In both writing and music, I share another trait with my dad, whether genetic or learned. When he built his projects, he would draw plans, but often something didn't quite work out, and though he would fume and mutter and occasionally curse, he eventually figured it out, improvised a solution. He also would, on occasion, revise. For instance, when he and my mom lived in Florida, he screened in the patio but was never quite satisfied with the job.

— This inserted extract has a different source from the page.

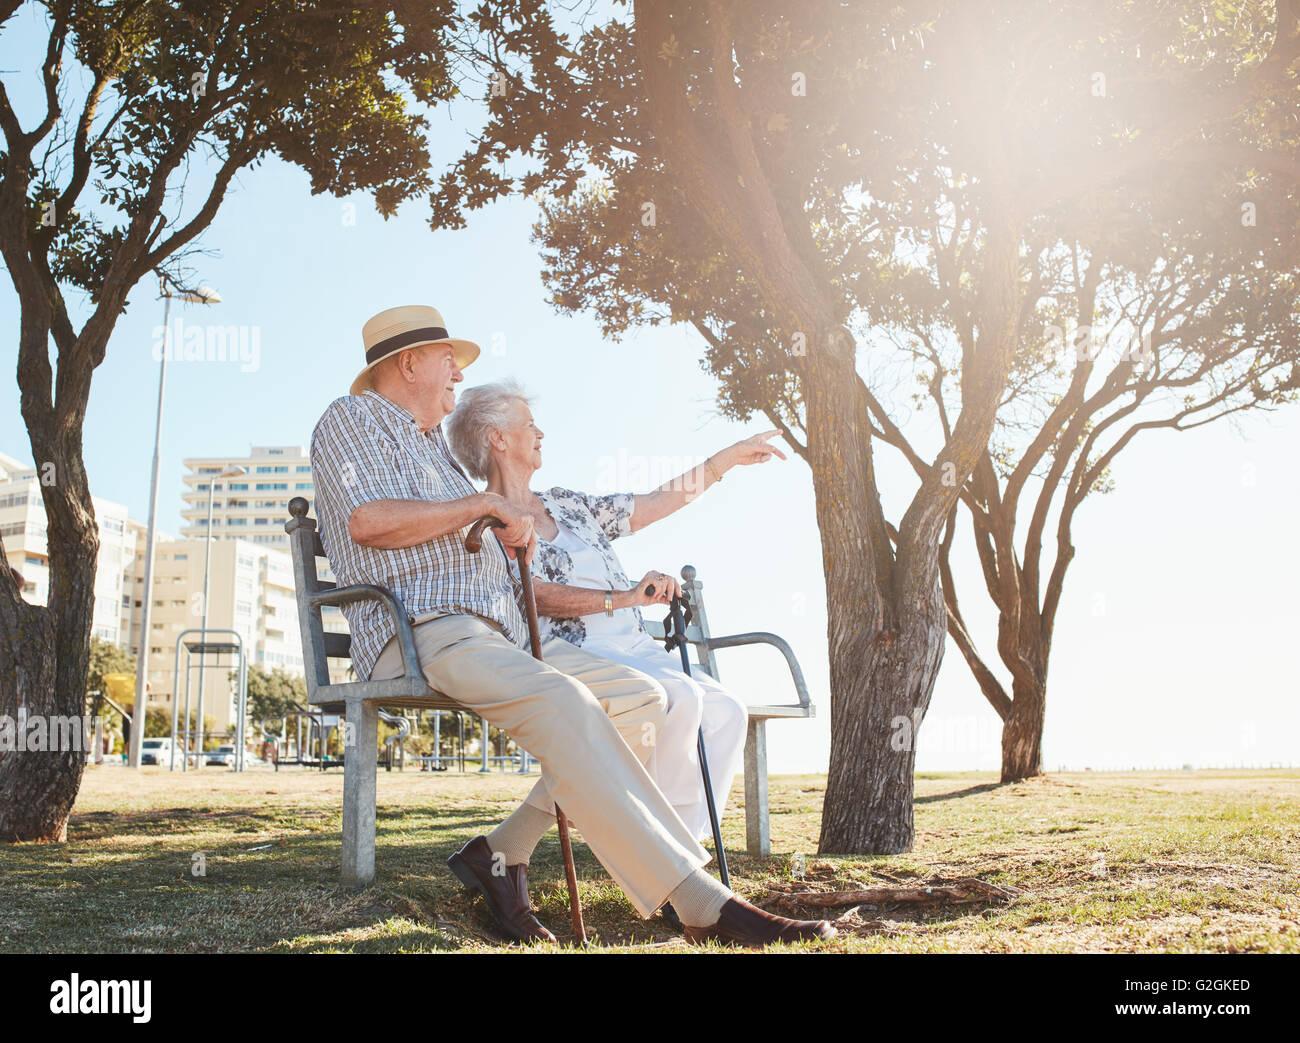 Tourné en plein air d'un couple assis sur un banc de parc avec femme montrant quelque chose d'intéressant Photo Stock
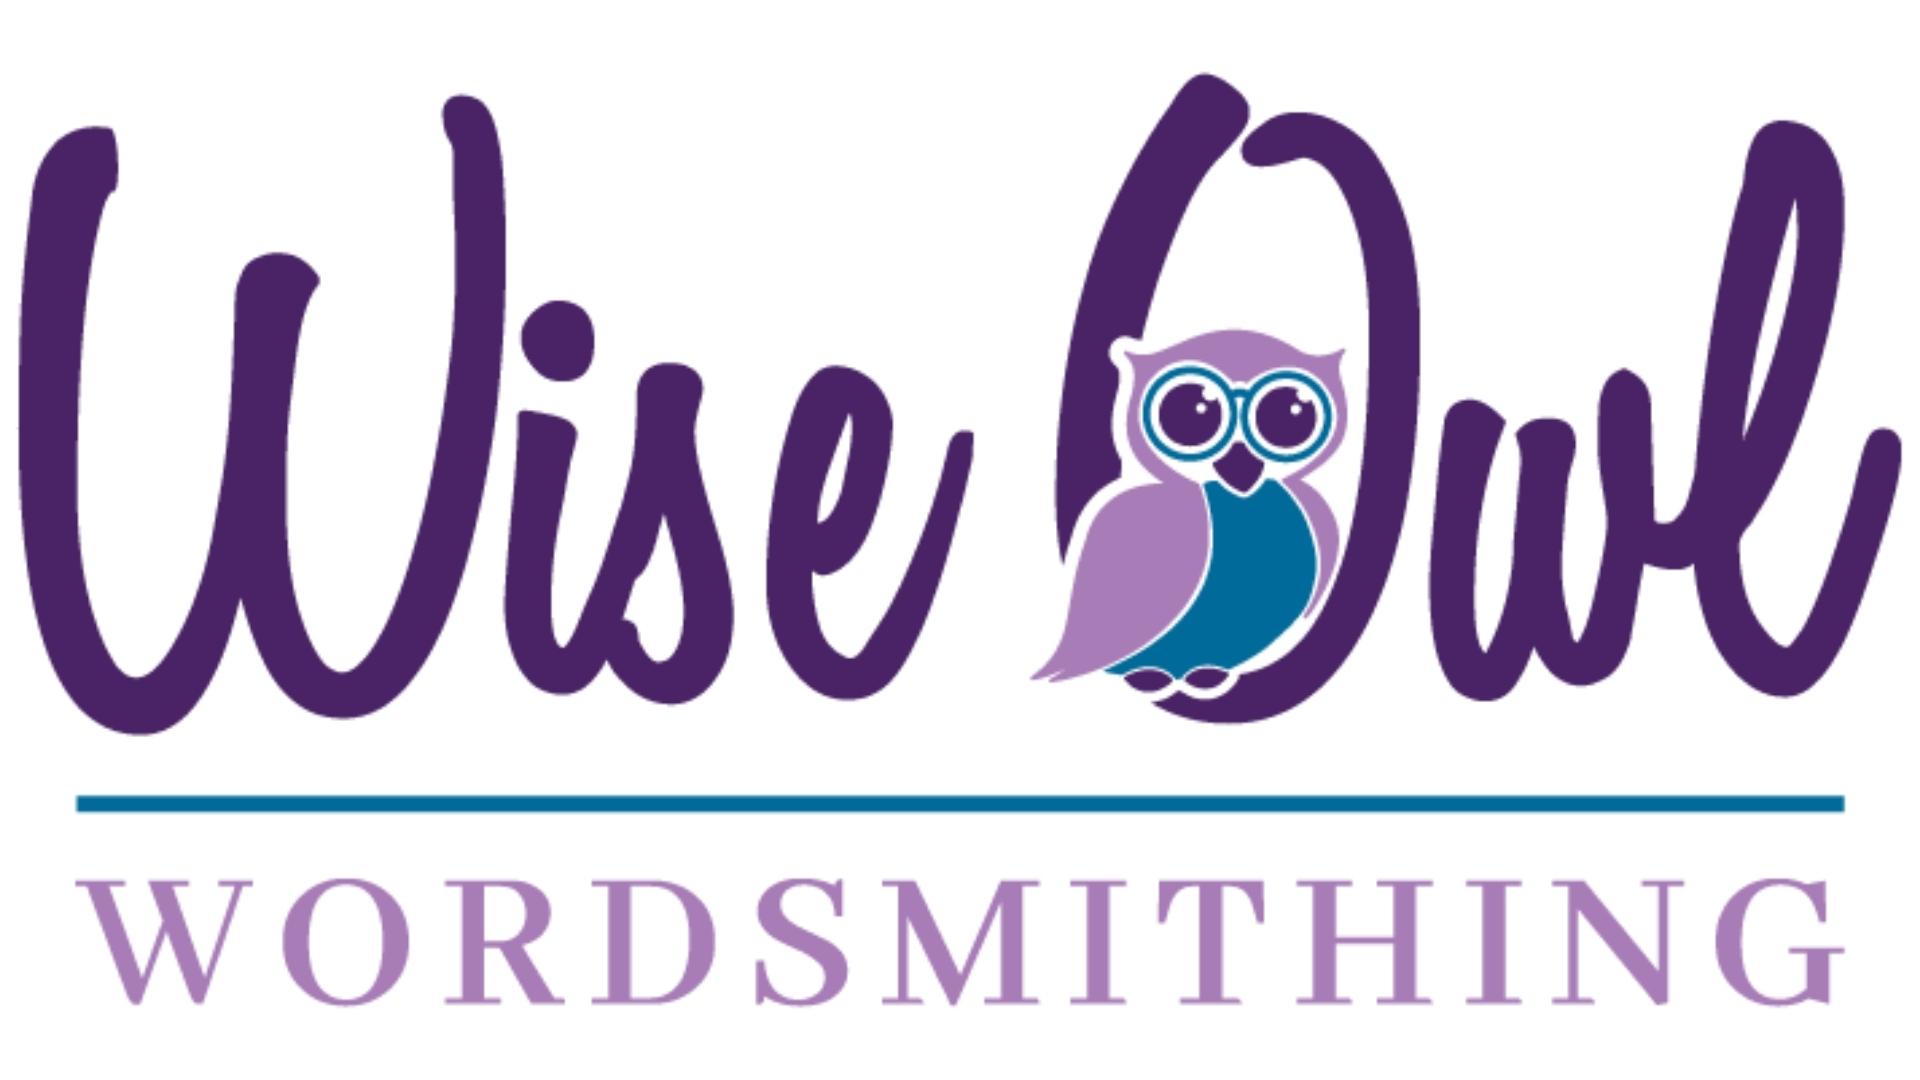 Wise Owl Wordsmithing

Eventually, he redid it (or had someone redo it -- I wasn't there the second time around).  Later, my brother and I helped him screen in my brother's back porch, managing to hammer a little straighter.  We got to watch our dad in action over a couple days, discovering ways to fill in gaps and make a scaffold out of a couple aluminum supports and a couple sawhorses.

 

 

Although process in any art is a mysterious and individual aspect, my process seems to follow similar patterns, whether in fiction, in comics, in music, or even my day job. I'd say in general I plan less and improvise and revise more, especially in writing because I find too much planning can stifle the emotion and energy of a piece. Yet some writing, like comics, requires an immense amount of planning. When I comics scripts, I usually plan and sort of outline most of it, giving myself page limits, act breaks, sometimes what would happen on what page before I wrote. I leave enough room to react and improvise if need be, and more than once, my favorite parts and the most lively writing comes in those spaces, but talk about abstract.  In that case, besides writing a story, dialogue, and narration, I'm trying to imagine what panels and pages will look like and then render that in clear enough but not too specific terms so that an artist can eventually interpret it. Not much like drawing plans for a table.

 

Anyway, in these activities, I see myself as a bit of a tinkerer. I wouldn't really call writing fiction tinkering or a hobby, though. The word hobby in particular demeans the work for me, but I think the analogy of having projects still works. I've 

almost always got something going, usually a few things, though I don't have a garage or a workshop or a basement, but I do have that impulse to build stuff. It just happens to be a different kind of building and a different kind of stuff, and I have to wonder if my impulse (and to a certain degree, I think, my brother's impulse) toward this abstract tinkering is simply a personality difference or something generational. Our dad grew up in a time when radio, Saturday morning movies, comics, and books were pretty much the only forms of entertainment. We grew up in the TV era, the blockbuster movie era, the VCR era, the early video game era, the early home computer era. We grew up with comic books and action figures and movies out all the time. We also have a couple generations separating us from our dad instead of just one. He grew up with World War II. We grew up with Star Wars.

 

I wonder if the difference is generational because it seems like so many more people our age and younger end up tinkering in this abstract garage. Has the shift in culture bred a shift toward different interests but similar behavior, and has that bred many of the changes in technology that allow far more people to record music, create and edit film, post their music and videos, spend large parts of their days in the virtual plane of the Internet? Or have shifts in technology bred the shifts in interests? Or is it a cycle, the cycle toward the information age, toward urbanization, toward mass consumption? And if our interests are that different from our father's, what kind of tinkering will our children do?